I closed my eyes, sun on my face and water around me, and relaxed into the experience. If I was going to do this the hard way, I was going to enjoy as much of it as I could – and I did. There is nothing like feeling the power of the river and the water around you, just you and nature, alone yet so caught up in a greater whole.

I bounced and bobbed, but always kept my feet pointing down river. The rocks took their toll, bashing and bruising and slicing me open; wounds I only noticed later. And just as suddenly as it all began, it was over, and I was floating lazily on my back on a still, smooth, quiet section of river.

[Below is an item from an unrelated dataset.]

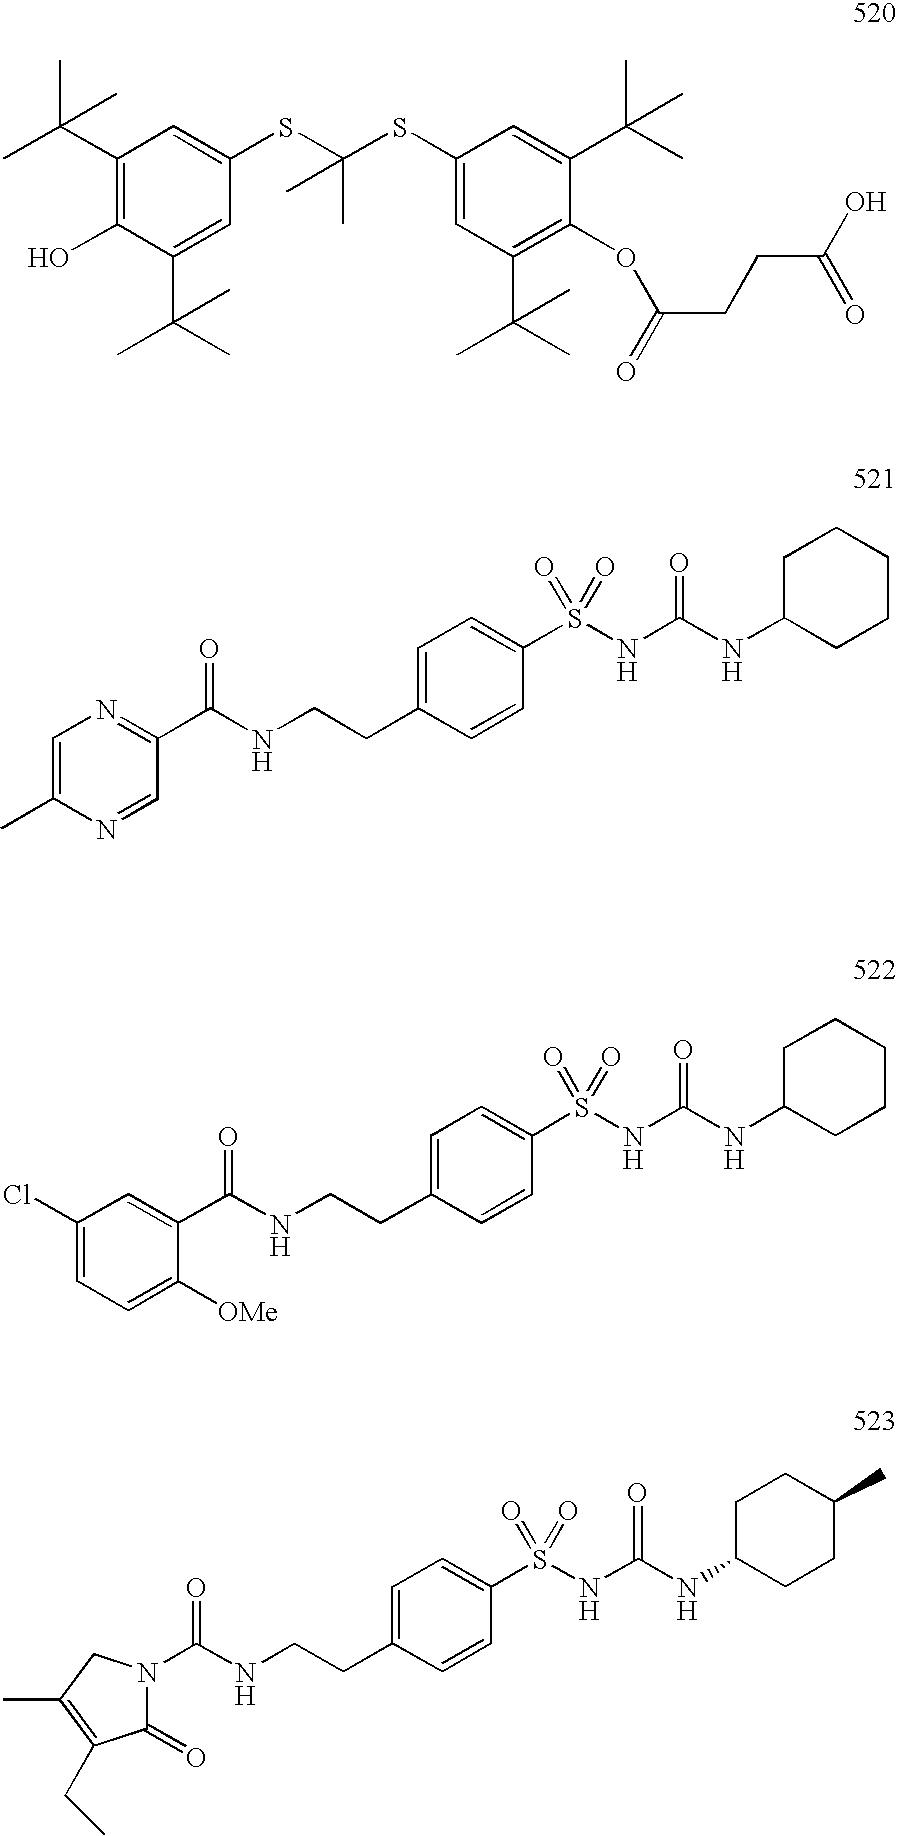 Figure US07407965-20080805-C00005

A moment later I heard the splashing, frantic paddling, and the raft reappeared, everyone pulling towards me, pulling me in, touching me, hugging me, making sure I was alert and oriented, had not hit my head, was not seriously injured.

That I could breathe.

the hardest thing in this world is to… trust in it?

I think that perhaps the hardest thing in this world is not to live in it, is not to be trustworthy, but simply to trust.

To trust is a daily requirement. We trust our milk won’t be contaminated, that our cereal will just contain cereal (or our pet food won’t have pesticides), that the mailman will actually deliver our checks, that the person we opt to confide in over lunch won’t laugh, that our friends have our best interests at heart. We know the laws that require milk to be pasteurized, and our food to be inspected for and created in safety; it’s our trust in people that is so fascinating. Laws, although useful for setting up social contracts, cannot dictate things as minute as trust in an individual. Yet, as Alfonso Lingis notes, everywhere a person turns in the web of human activities, he touches upon solicitations to trust, a field of options of yes and no to be navigated, not in isolated decisions, but as part of a greater whole.

Hmm…I feel the sudden urge to re-read Goffman’s The Presentation of Self in Every Day Life.